Кесаревна Отрада между славой и смертью. Книга II
Шрифт:
Всего их было сто сорок четыре.
Глава шестая
Мелиора. Азашьи земли
Никто не понял, как это получилось, но уже на третий день всем несомненно стало ясно, что командует – Живана. С промасленной тряпкой на руке, обожжённой до чёрных лохмотьев и обнажившегося сочащегося мяса (что-то сделала старуха-ведима: боли не было; но смотреть всё равно страшно), с повязкой на глазу, простоволосая – она утратила возраст, превратившись просто в умного и точного командира, находящего нужные слова и делающего понятные
Наверное, первым с нею как с командиром заговорил староста Виталий. Глядя на него, согласились и прочие. Жена десятника стала десятницей, но – командиром сотни. Столько – сто ровно, ирония случая – вооружённых мужчин оказалось под её рукой в начале похода, и двести семьдесят три персоны прочих: женщин, детей, увечных, немощных и старых. Гнали с собой немногих уцелевших коров, коз, овец. Повезло с лошадьми, сказочно повезло: сразу после землетрясения табуны отогнали на летние выпасы, без какой-то дальней мысли, а просто чтобы освободить руки – выпасов же большая часть была как раз через речку… Без слов давали коней тем, кому не повезло, у кого рухнули конюшни или же выпасы оказались вблизи деревни. Живана не вникала: на время давали или насовсем. Своих коней – а у неё их оказалось одиннадцать – она сразу передоверила старосте: распорядиться по справедливости. Он вдумчиво покивал.
Себе она оставила пару белых кобыл с длинными нестрижеными гривами и хвостами. Азашье седло отличалось от охотничьего, к которому она привыкла, но – в лучшую сторону: пусть тяжелее, однако же много усадистее. Вьюк был невелик: палатка, спальная циновка из тростника, овчинный полушубок, запасная пара сапог, котелок, кружка…
Правда, кружке было четыреста лет.
Когда Живана пила из неё, у воды появлялся слабый привкус полыни.
Однажды ночью их пытались пощупать бандиты – такие же азахи, но потерявшие всё – и в схватке ранение получил староста Виталий.
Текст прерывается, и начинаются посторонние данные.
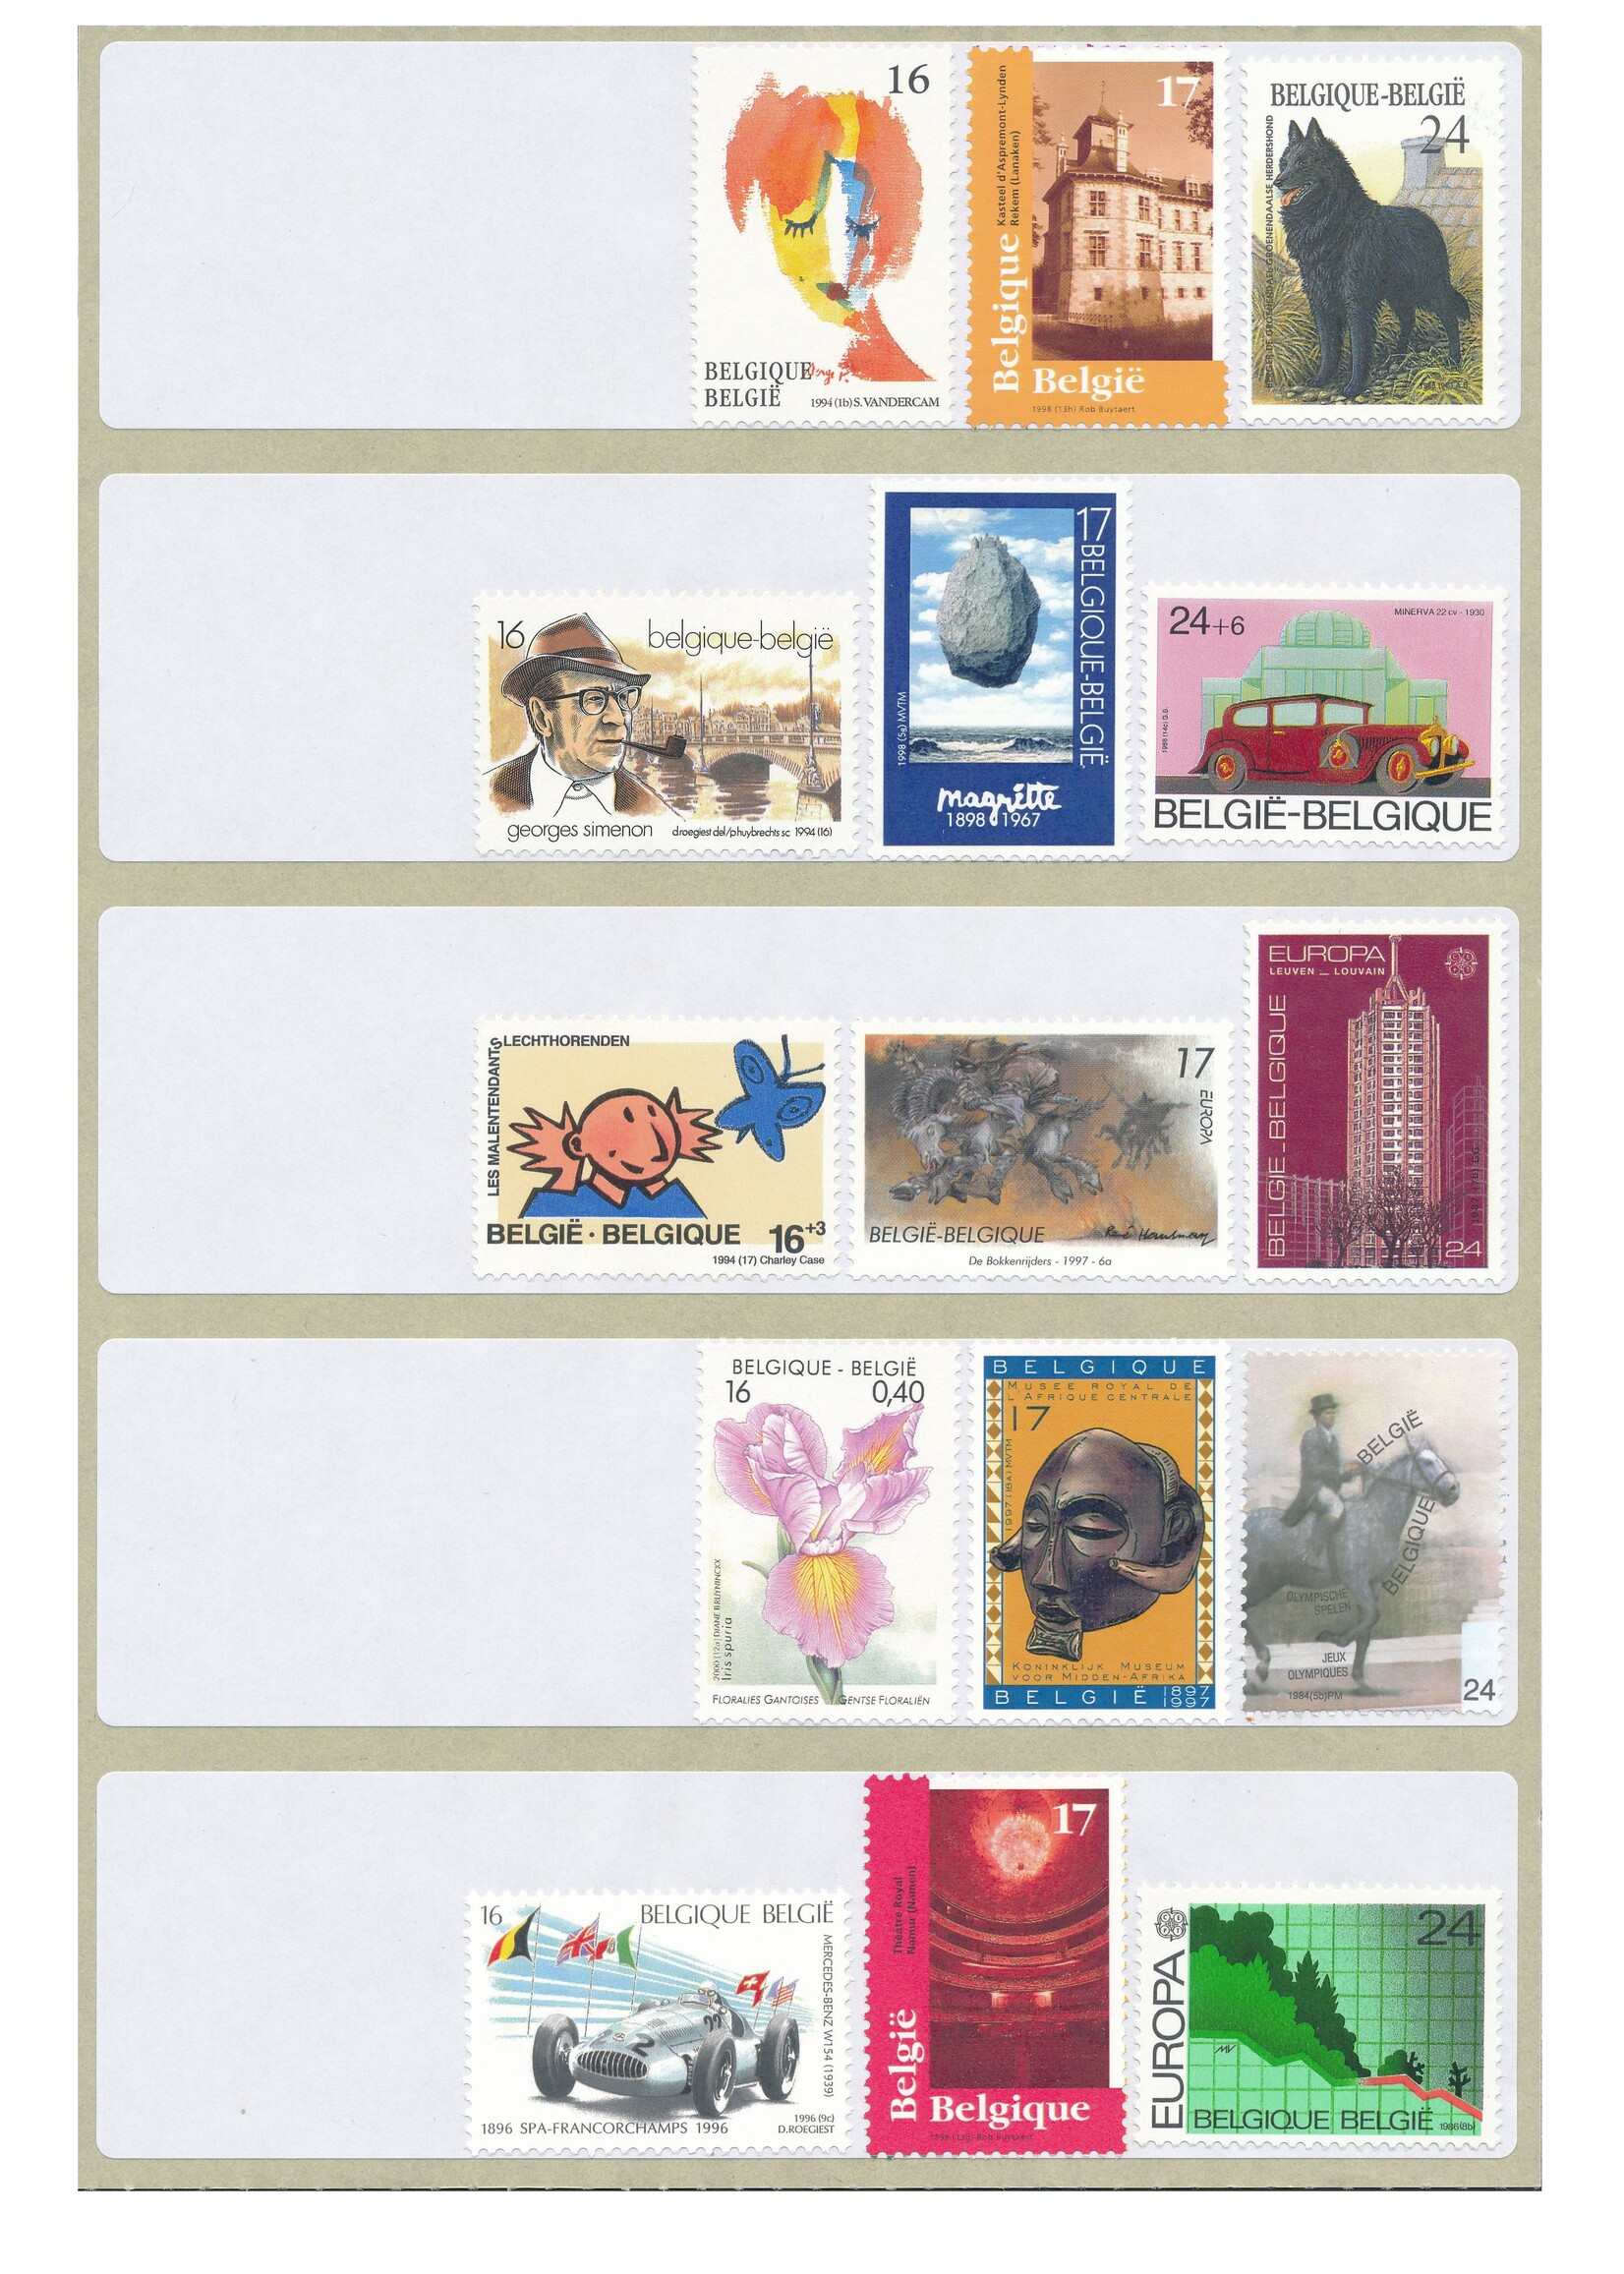 Postal labels (per 10) - Rate 1, Belgium

Широким ножом ему пропороли бок. Ещё двоих азахов нашли потом оглушёнными в овражке, и один из них под утро умер, так и не придя в сознание. Бандитов отбросили, захватив живыми троих – молодых, но каких-то одинаково неказистых парней: сутулых, с отвислыми животами, дрябловатыми бабьими лицами и длинными сальными волосами. Правда, руки их были длинны и жилисты, а кулаки огромны…
К двум вещам, для себя новым, стала причастна она наутро: к азашьему ведьмовству и азашьему суду. Прямо спросив, девица ли она, и узнав, что да, – старухи-азашки заставили её носить вокруг опоённого чем-то старосты чашу с вином, да чтоб ещё не пролить ни капли, да смотреть на отражение… Сами же они шептали что-то и гладили старостин рыхлый бледный бок, похожий на ком грязноватого теста. Живана не могла поверить потом, но поверить пришлось: на месте разваленной раны с синеватой плёнкой на дне – осталась розовая чуть выпуклая полоска…
Потом она почувствовала себя слабой, как после тяжёлой болезни, но поддаваться слабости было нельзя, потому что начинался суд. Ей дали глотнуть какой-то обжигающей дряни, и скоро в глазах посветлело, а плечи распрямились. И огонь в обгоревших
Суд длился недолго, ибо вина не требовала доказательств, а оправданий азахи не понимали. Оставалось лишь назначить кару.
Процедура происходила на краю загаженной и разорённой оливковой рощи. Большой изломанный масляный жом стал чем-то вроде судейского постамента…
Бандиты с изумлением вглядывались в судью: тощую резкую одноглазую девку в штанах, которую так слушались азахи-воины. Теперь ей следовало не ударить в грязь ни перед своими, ни перед чужаками.
Разожгли костёр, и в огонь бросили три камня размером в кулак. В тридцати шагах от костра провели черту. Все молча смотрели на то, как камни меняют свой цвет, становясь одинаково пепельными.
– Кто донесёт камень до черты, останется жив, – сказала Живана. – Разденьте их.
С пленников содрали одежду, не оставив ничего. Они переминались, неловкие и озябшие. В них сразу стало что-то от лягушек… Мужчине, который видит дряблую белую кожу своего живота и ощущает холод ветра и жар костра робко висящим концом, трудно проявить железную волю.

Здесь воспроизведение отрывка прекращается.